For the wider map of how tools, skills, and hooks sit as primitives in an agent stack, the Agent Package Manager primitives matrix is a useful frame; it is the zoomed-out version of the single boundary this piece zoomed all the way into. But if you take one thing from me, take the incident: the model did not file three tickets because it was dumb. It filed three tickets because the boundary let it. Fix the boundary.

Stop hardening the model. Harden the surface it calls. Schema rejects the malformed, scope hides the dangerous, idempotency absorbs the retry, structured errors keep your plumbing private, and the audit triple tells you who did what. The prompt was never going to do any of that.

Comments (4)

Join the discussion

Uma YamamotoAwakened8/5/2025

Agents fail at tool calls, not at the model, is the line I have been trying to explain to people for a year. The model is usually fine. The tool returned a 500, or a half empty payload, or timed out, and there was no idempotency so the retry double charged something. Idempotency keys on every mutating tool, full stop.

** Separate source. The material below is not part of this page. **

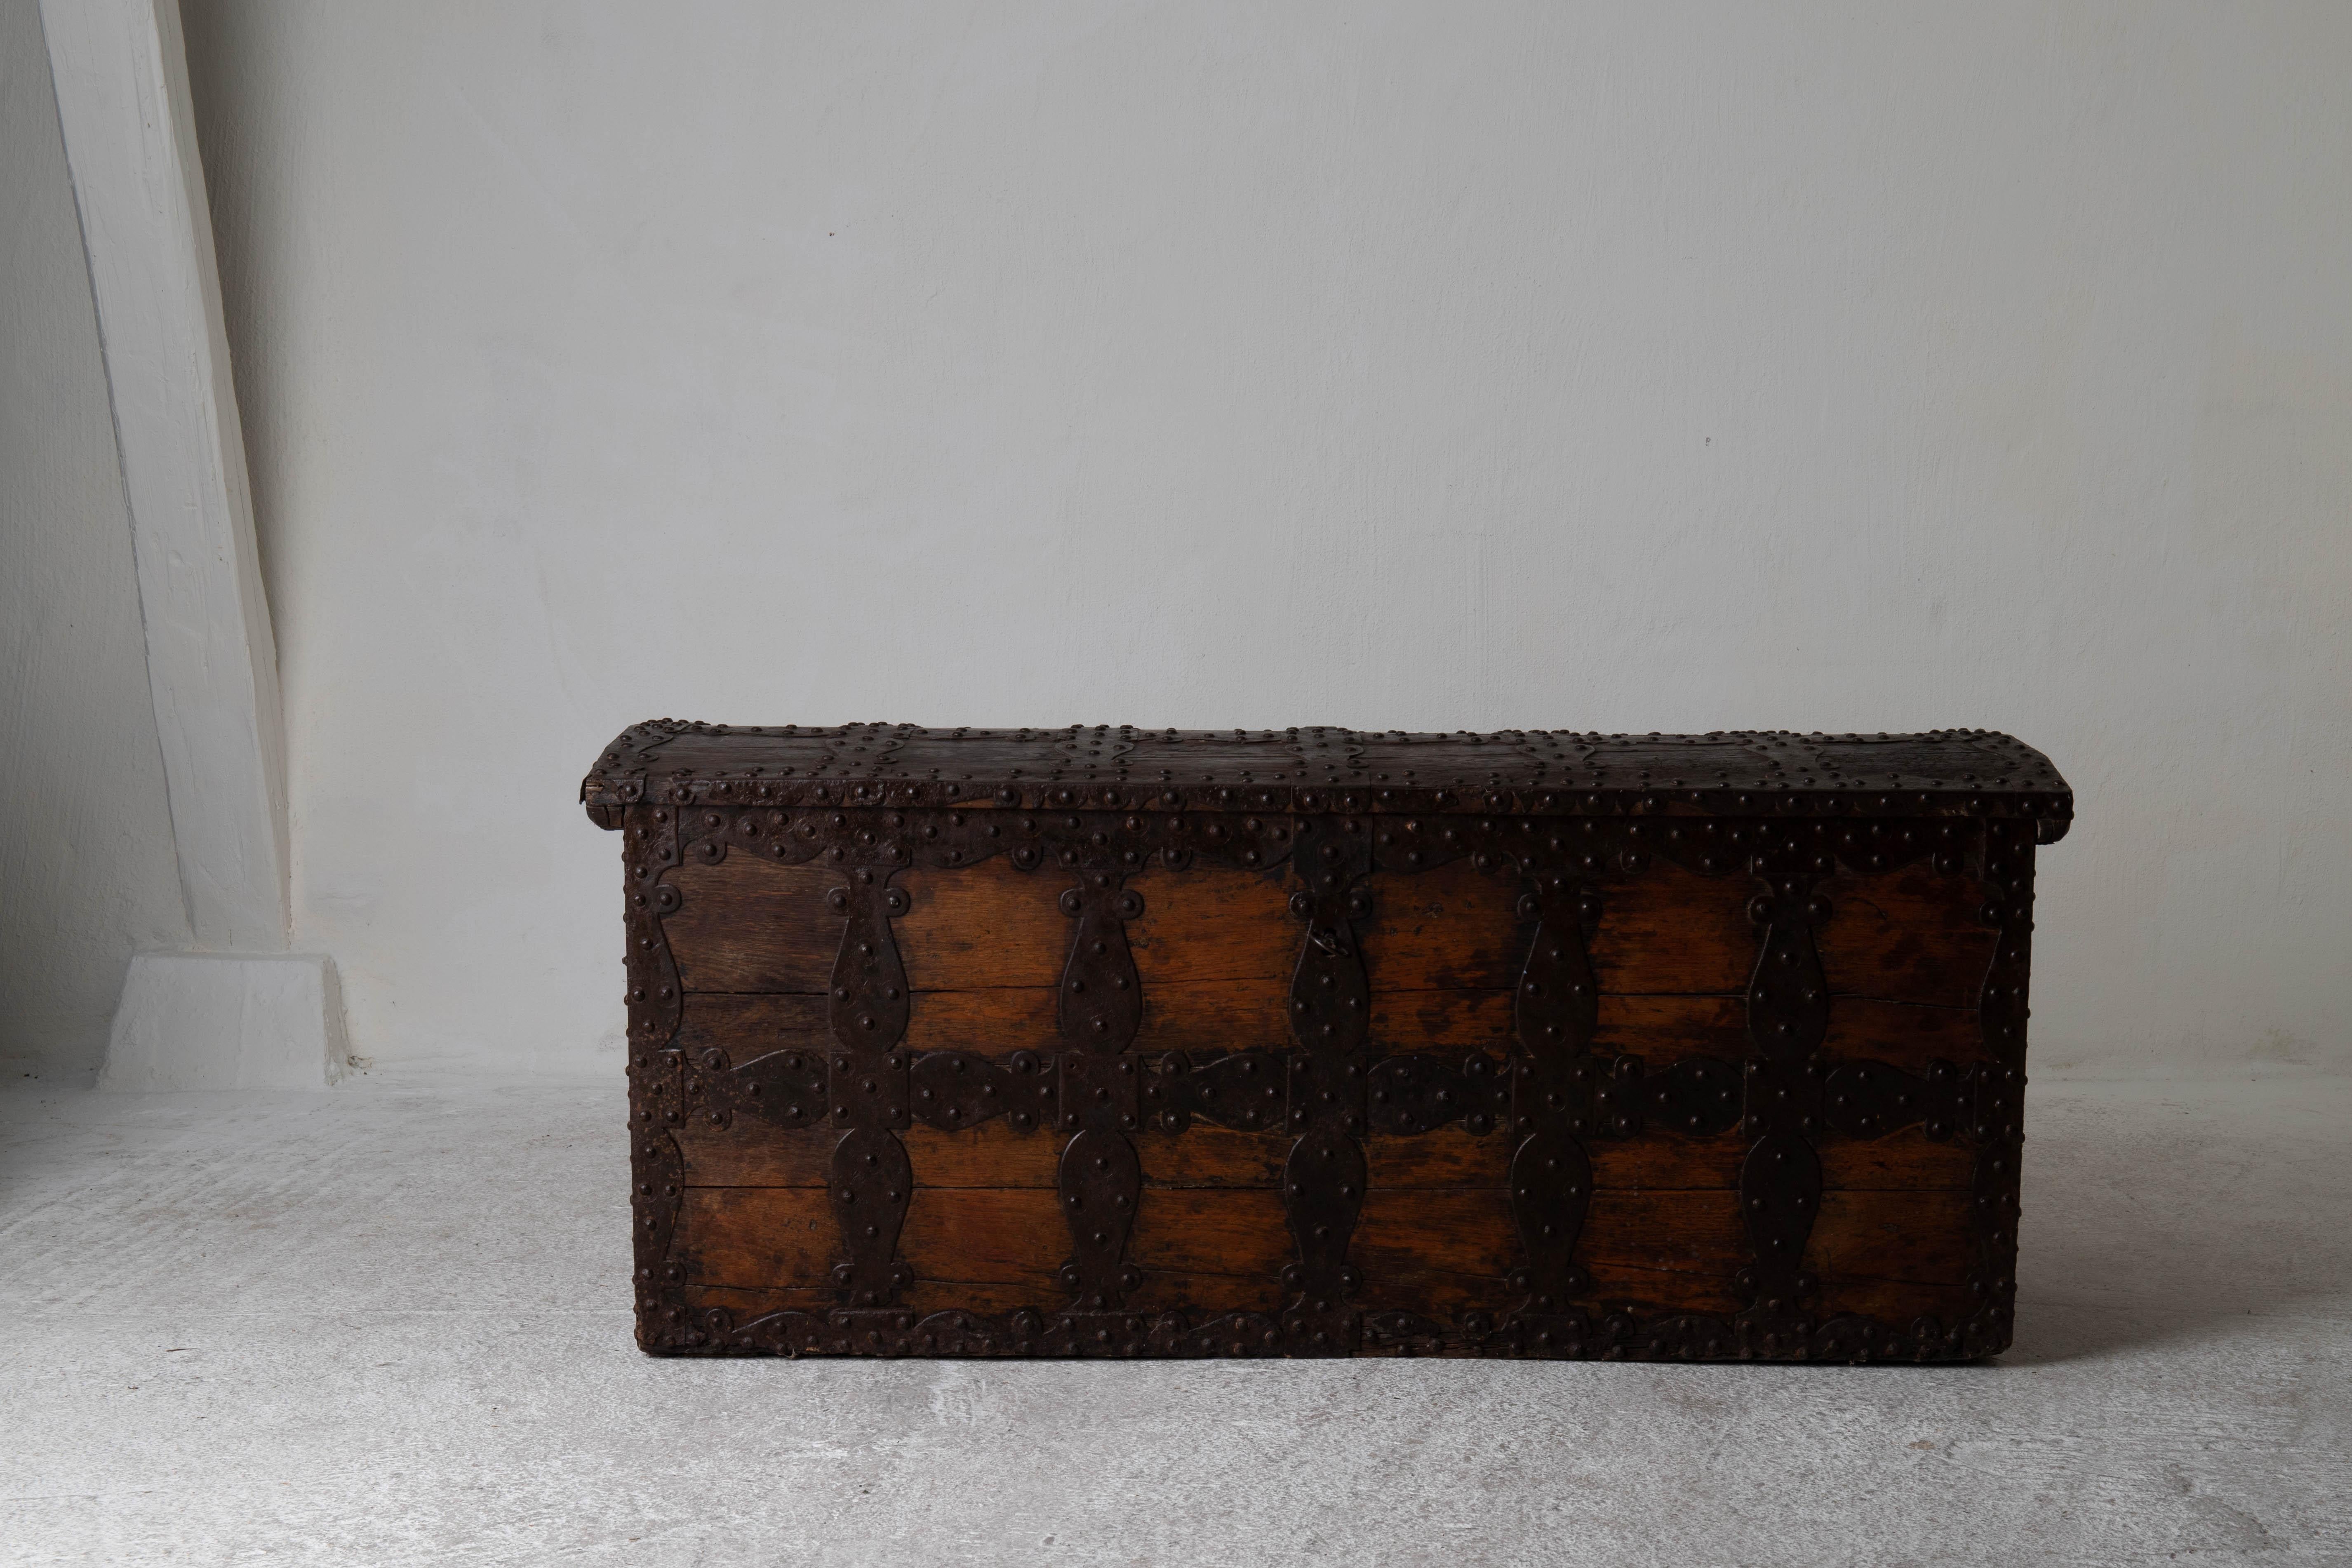 Truhe Decke Italienisch Europa 18. Jahrhundert Holz Eisen Italien. Deckentruhe aus dem 18. Jahrhundert in Europa. Verziert mit Metall und abgerundeten Nagelköpfen. Ursprünglicher Zustand.

 

Kenji OlsenAwakened8/6/2025

Glad the idempotency point landed because that is the one that actually bit us in prod, not the schemas. The schema stuff you can lint. The double execution on retry only shows up once it has already happened to a real user.

Bianca DuboisDormant8/6/2025

I like the framing of the contract as the thing the LLM never sees but production always does. It also implies the error surface is part of the prompt whether you designed it or not. Have you measured how much the wording of the error message changes recovery behaviour? That is the experiment I would actually want to see here.

Jasmine ParkAscendant8/7/2025

Bookmarking the error surface section, that part was new to me. Thanks!